## Work order
Go through the listing below and retype exactly the lines starting at the one with "KitchenAid manual Refrigerator" and ending at the one with "Nikon D700 sample", skipping pictures.

## Given data

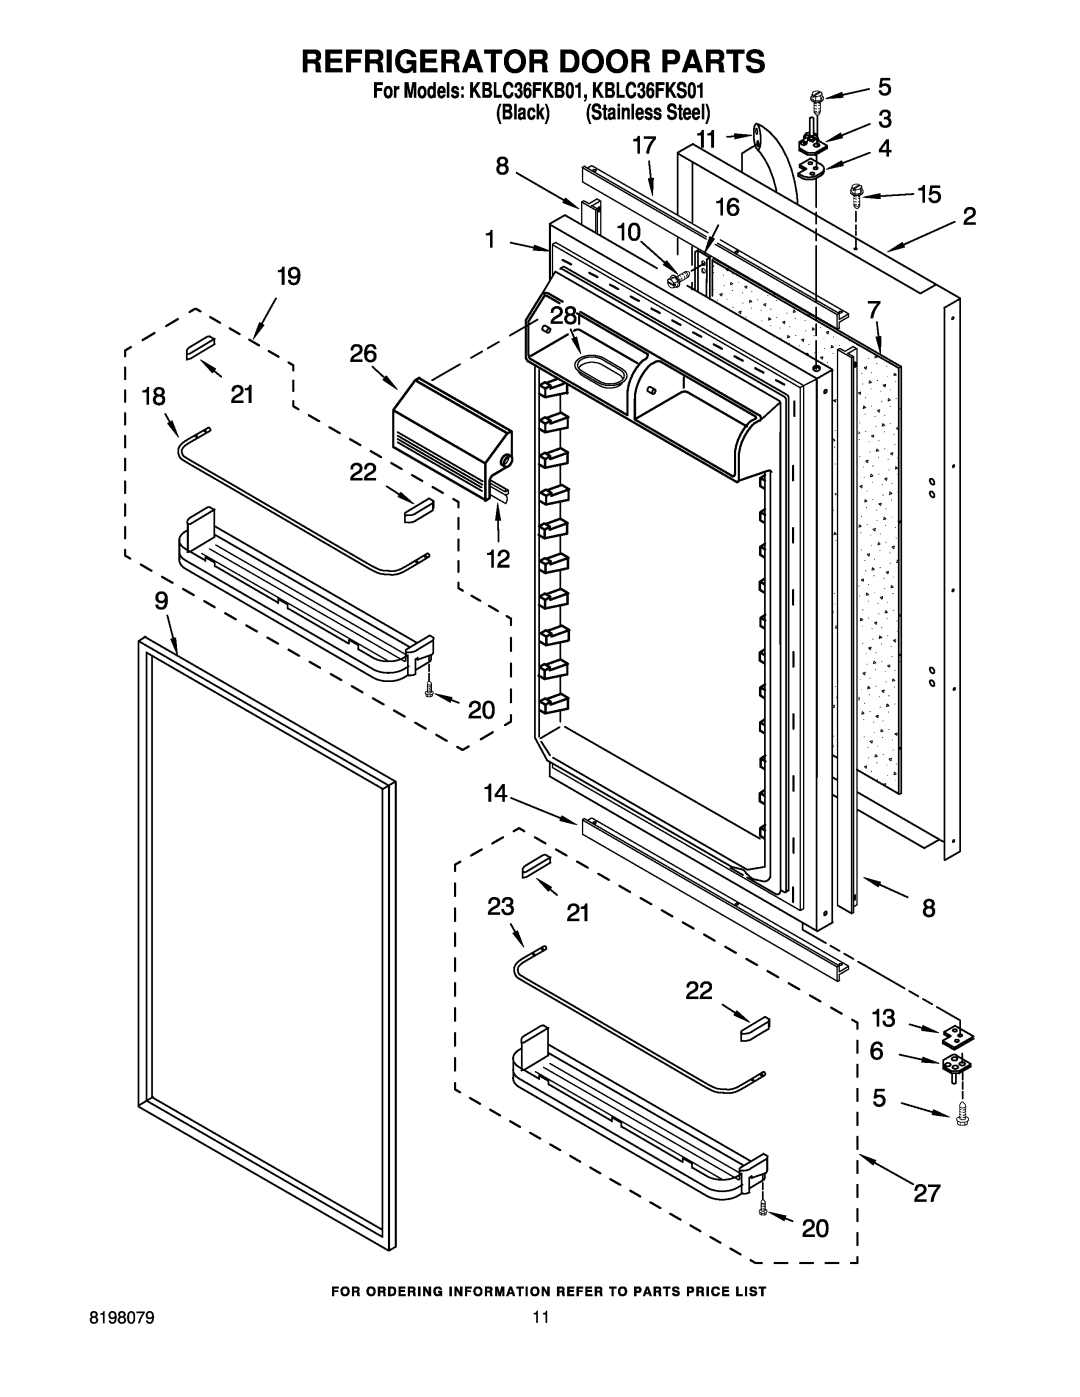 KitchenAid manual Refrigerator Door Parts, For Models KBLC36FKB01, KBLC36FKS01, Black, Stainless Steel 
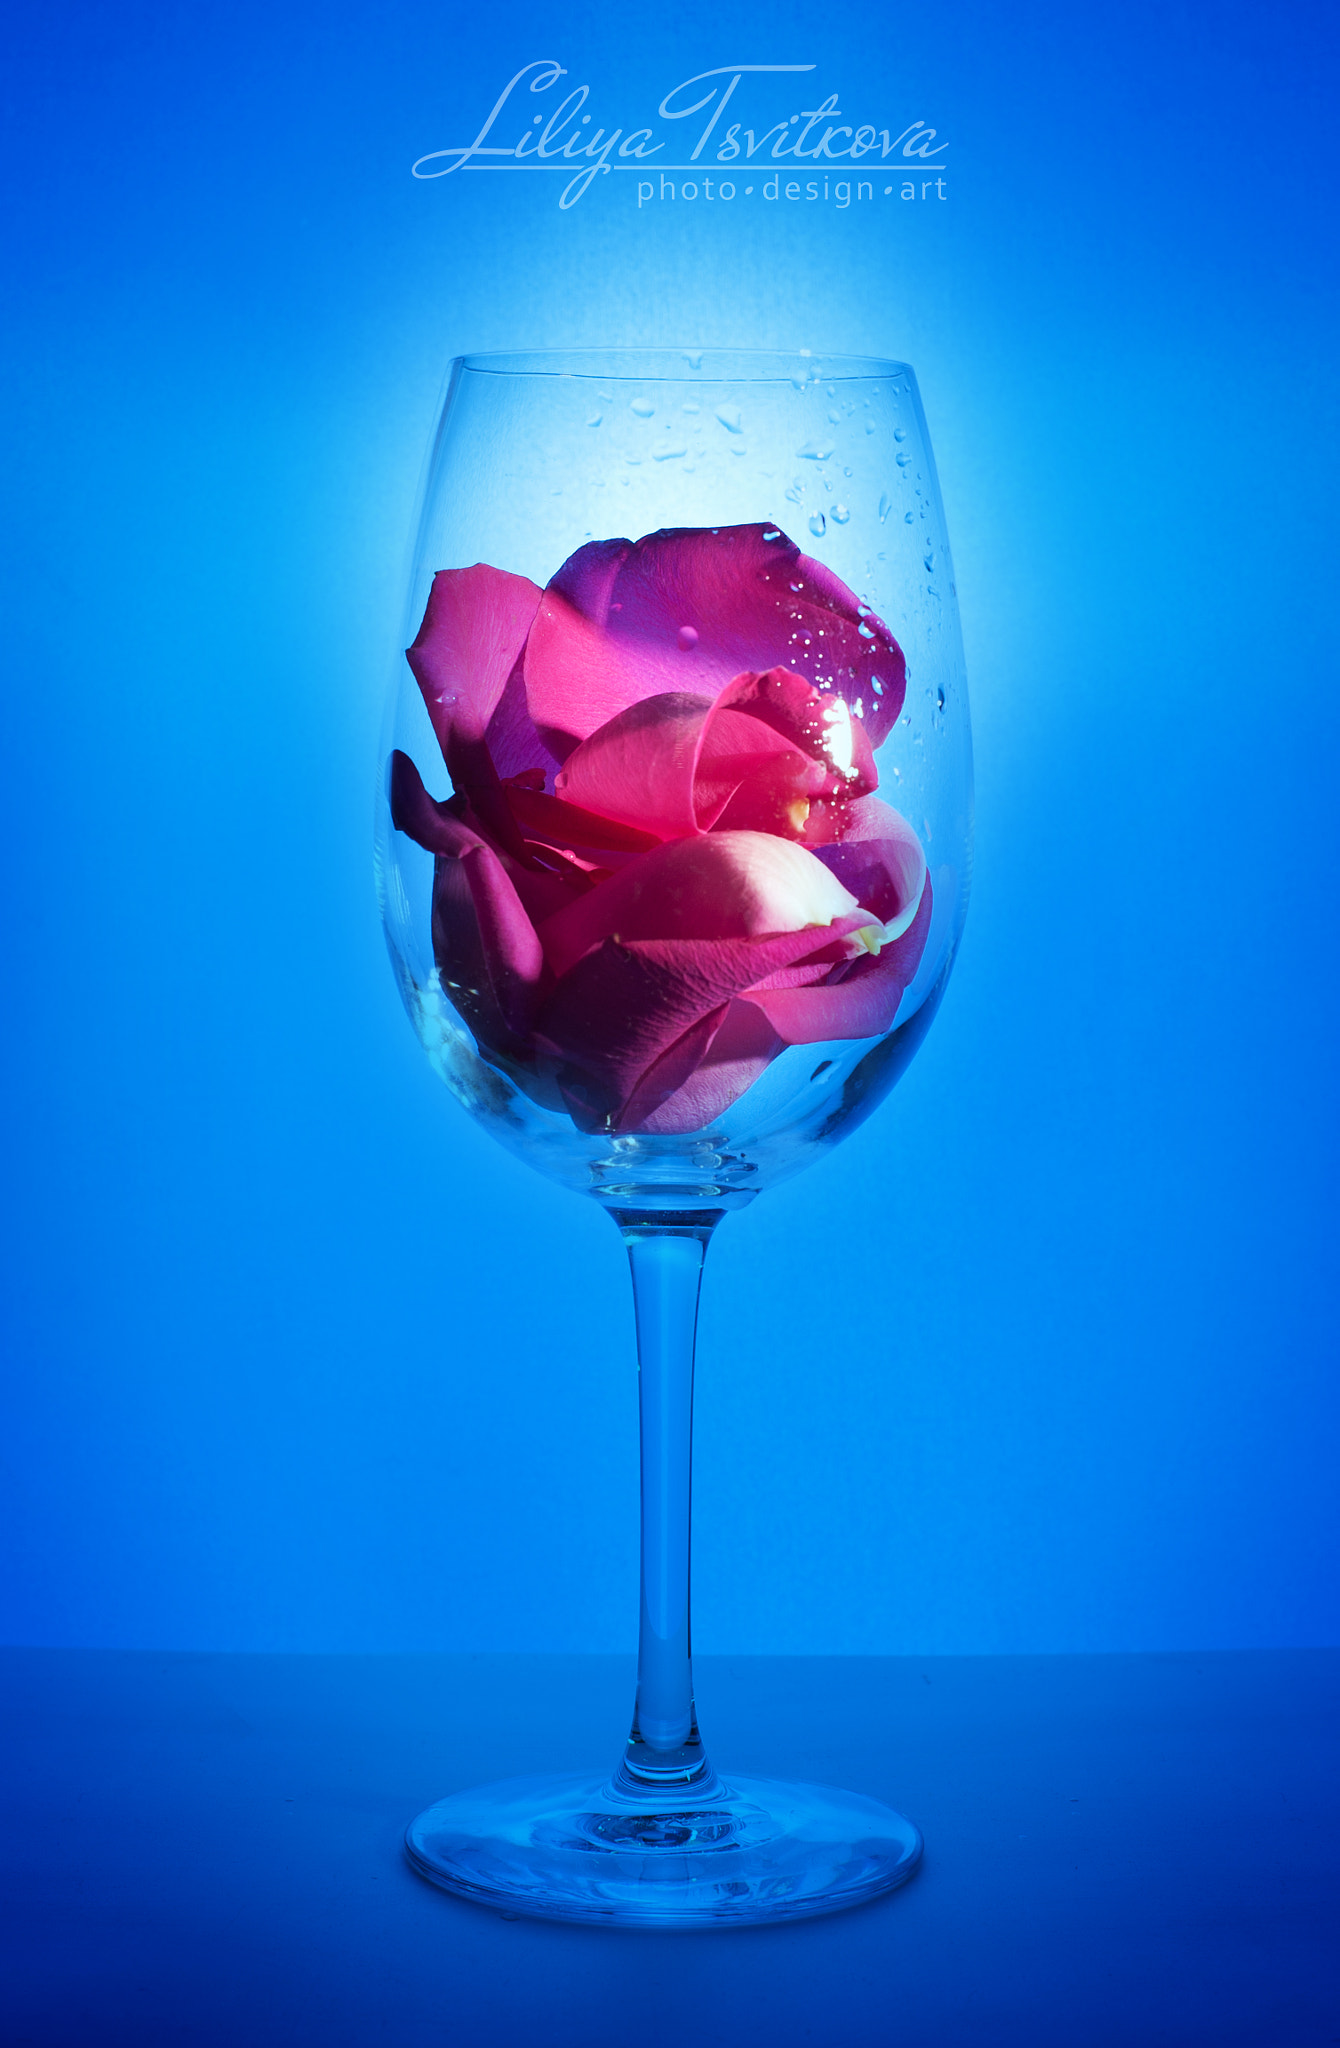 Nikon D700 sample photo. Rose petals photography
* * *
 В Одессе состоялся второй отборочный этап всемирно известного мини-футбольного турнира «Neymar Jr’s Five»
...
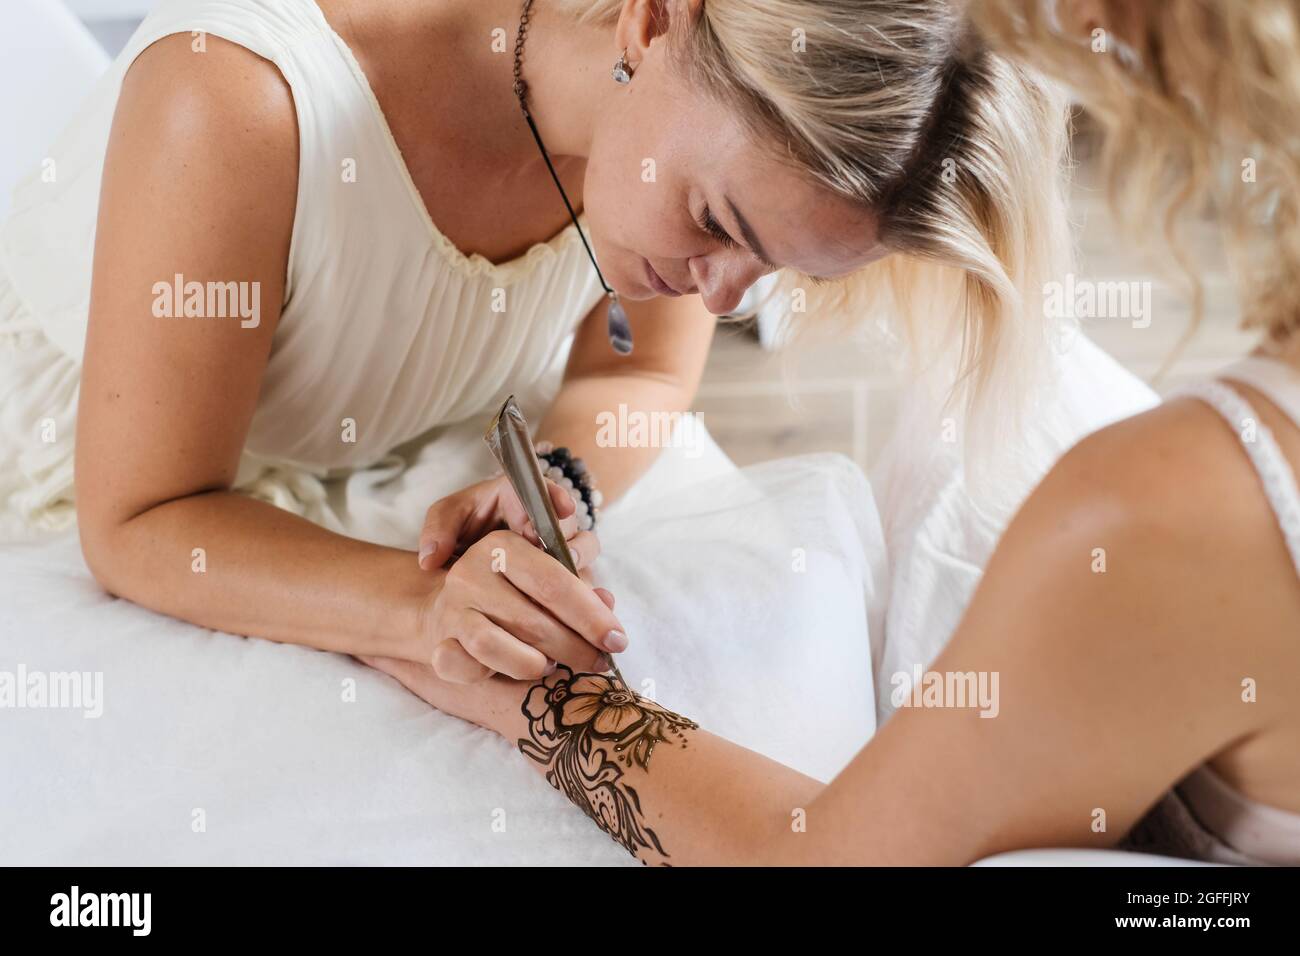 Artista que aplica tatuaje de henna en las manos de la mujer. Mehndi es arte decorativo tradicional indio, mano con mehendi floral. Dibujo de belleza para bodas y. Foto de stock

## Exercise output
 KitchenAid manual Refrigerator Door Parts, For Models KBLC36FKB01, KBLC36FKS01, Black, Stainless Steel 
 Nikon D700 sample photo. Rose petals photography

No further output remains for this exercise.